**What the task requires:** Print every line of the material below exactly as it stands, but omit the pictures.

**Information supplied:**
+ + +

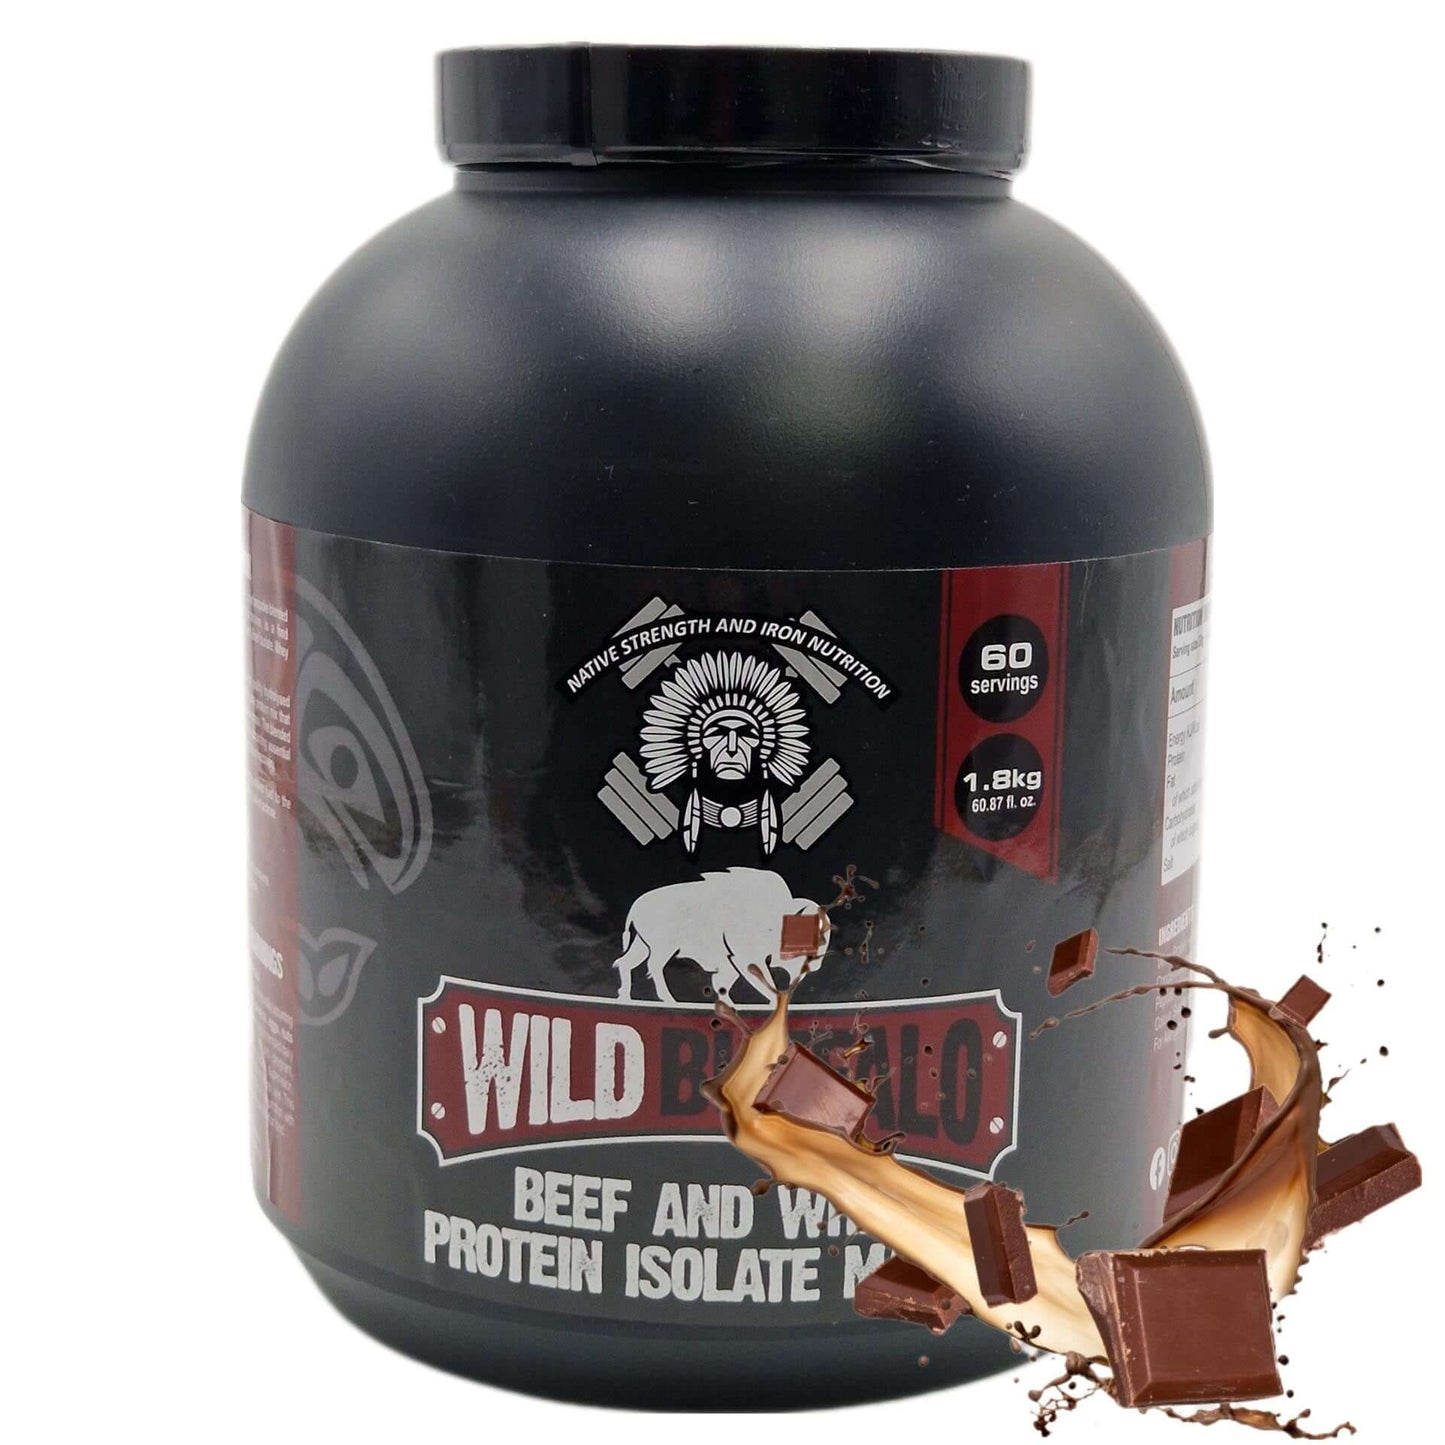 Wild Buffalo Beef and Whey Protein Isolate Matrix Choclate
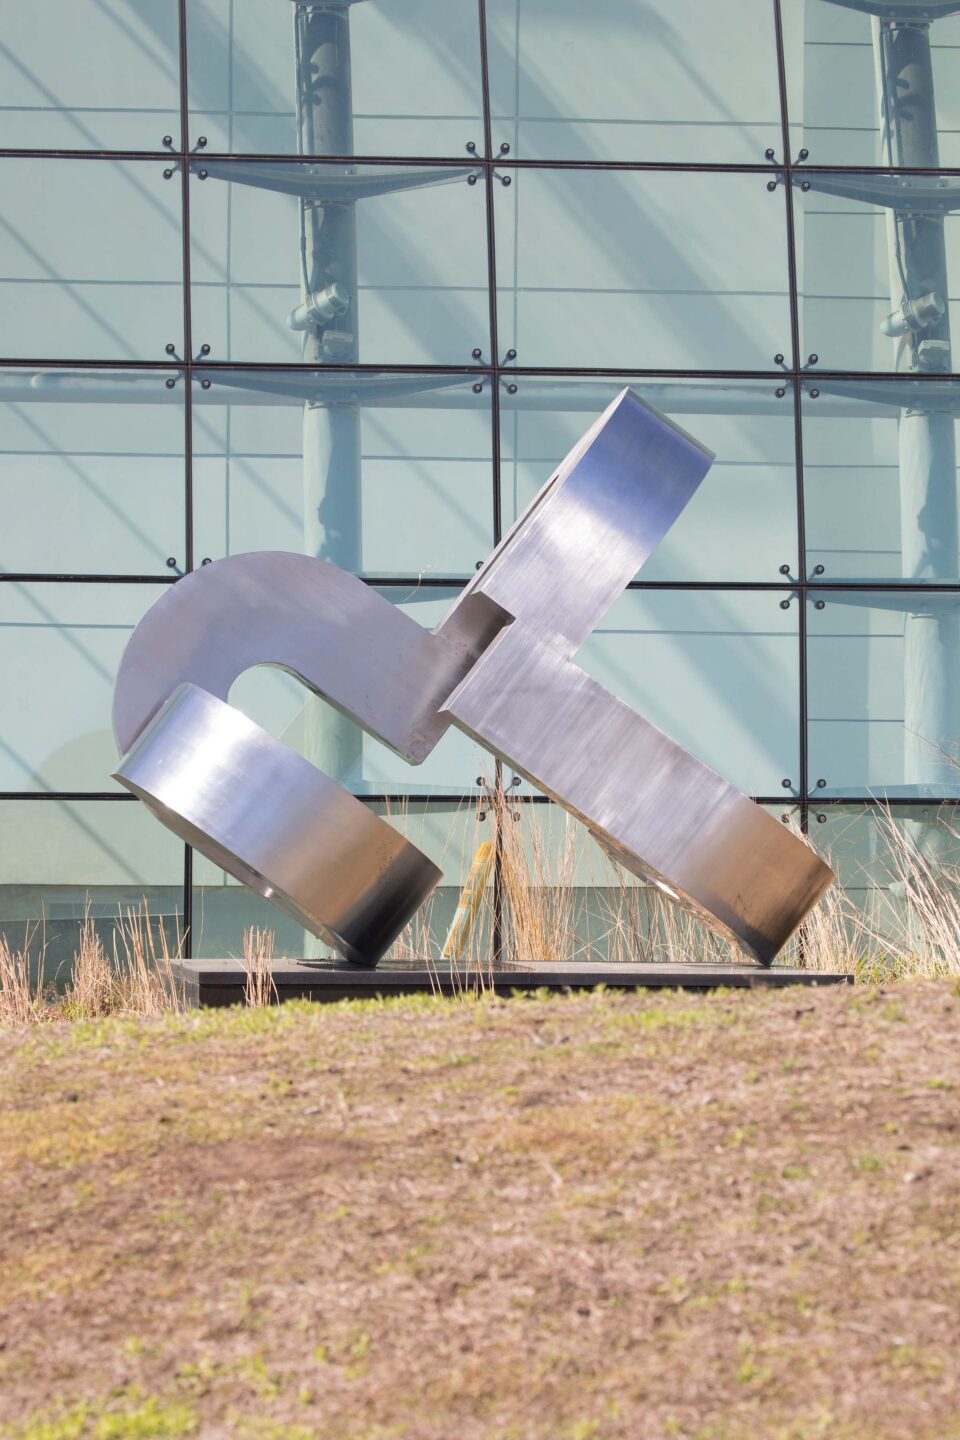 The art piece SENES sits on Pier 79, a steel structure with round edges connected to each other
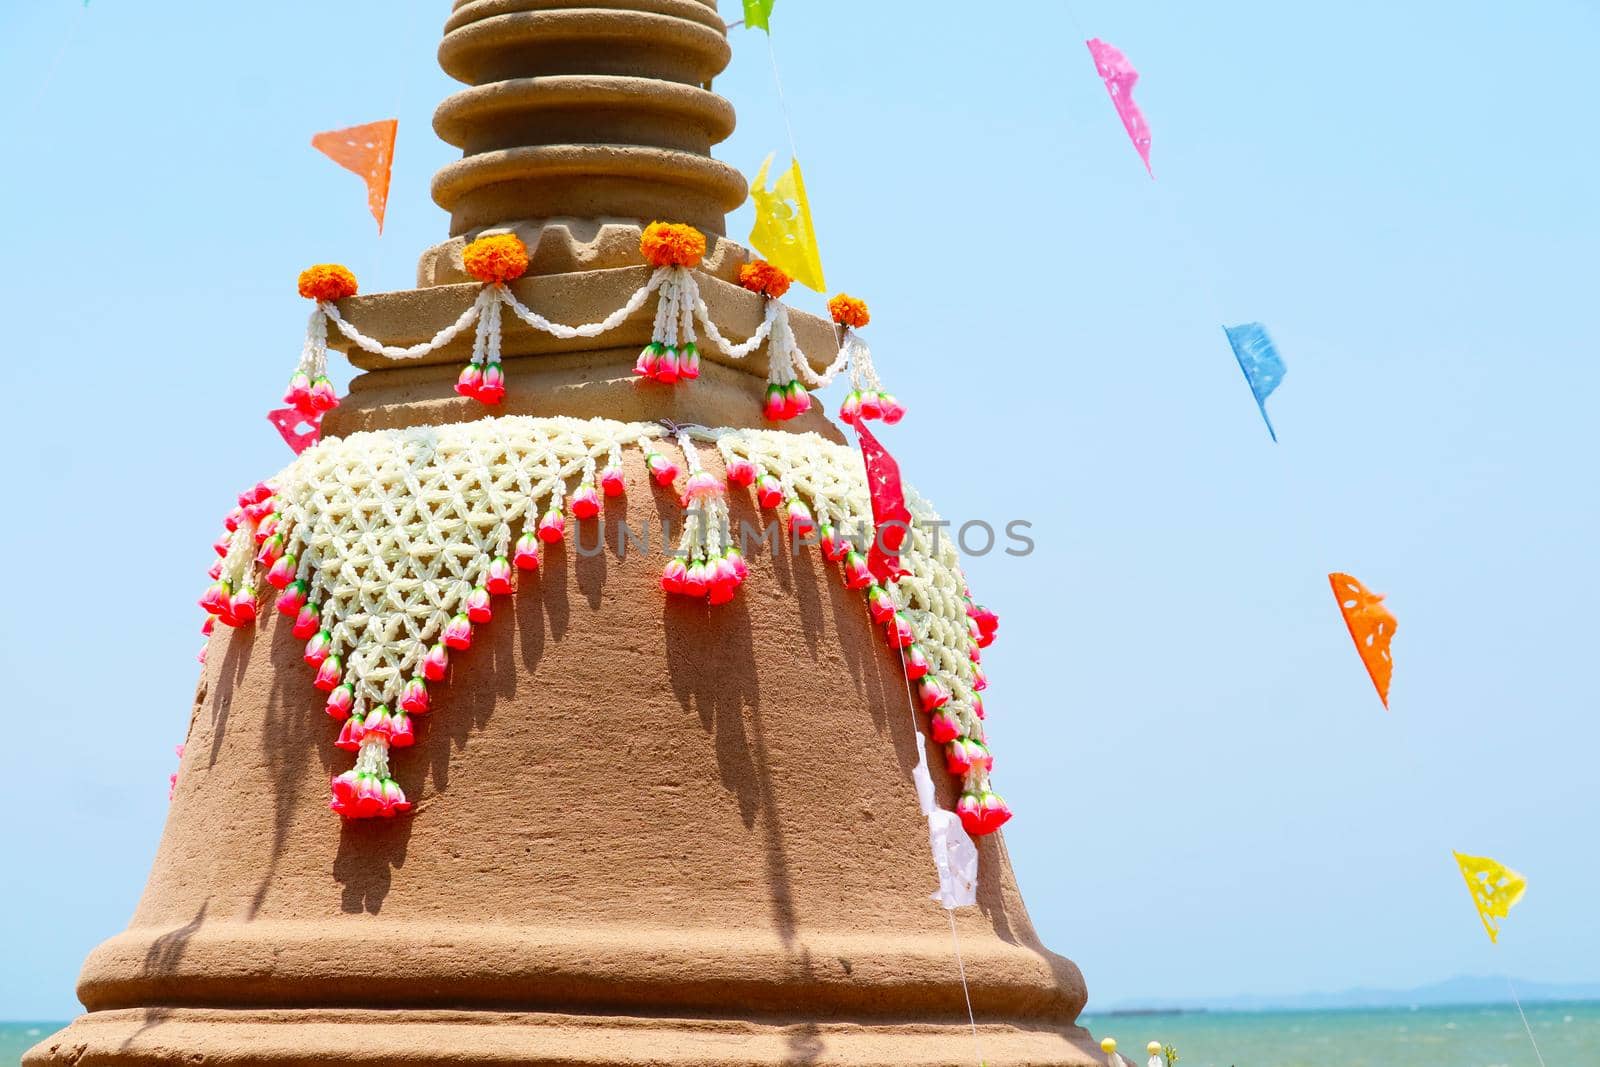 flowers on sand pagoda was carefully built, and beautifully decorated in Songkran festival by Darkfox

+ + +

**Reply:**
 Wild Buffalo Beef and Whey Protein Isolate Matrix Choclate
 The art piece SENES sits on Pier 79, a steel structure with round edges connected to each other
 flowers on sand pagoda was carefully built, and beautifully decorated in Songkran festival by Darkfox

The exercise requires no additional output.